## The infimum

The infimum is defined for boolean $X$ and $Y$ by the Golden Rule:

$X\sqcap Y\ \equiv\ X\ \equiv\ Y\ \equiv\ X\sqcup Y$

By studying this rule we can observe several facts about the infimum.
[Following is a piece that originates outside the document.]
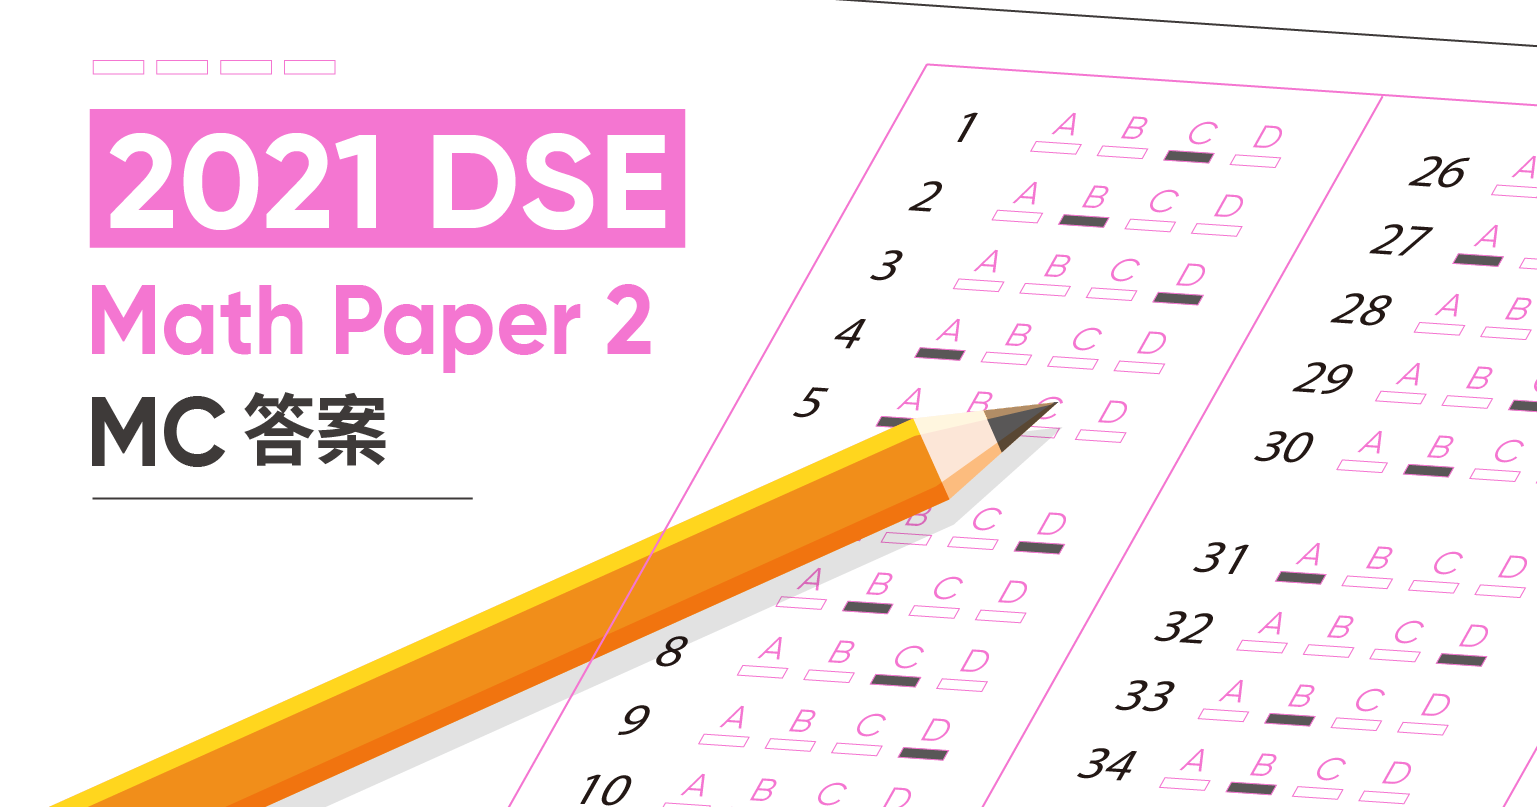 2021 DSE Math Paper 2 MC answer

First, since it is defined in terms of $\equiv$ and $\sqcup$ we have

$X\sqcap Y$

$\equiv$ {Golden Rule}

$X\ \equiv\ Y\ \equiv\ X\sqcup Y$

$\equiv$ {Symmetry of $\equiv$ and $\sqcup$}

$Y\ \equiv\ X\ \equiv\ Y\sqcup X$

$\equiv$ {Golden Rule}

$Y\sqcap X$

i.e. $\sqcap$ is symmetric.

Exercise: Show that $\sqcap$ is associative.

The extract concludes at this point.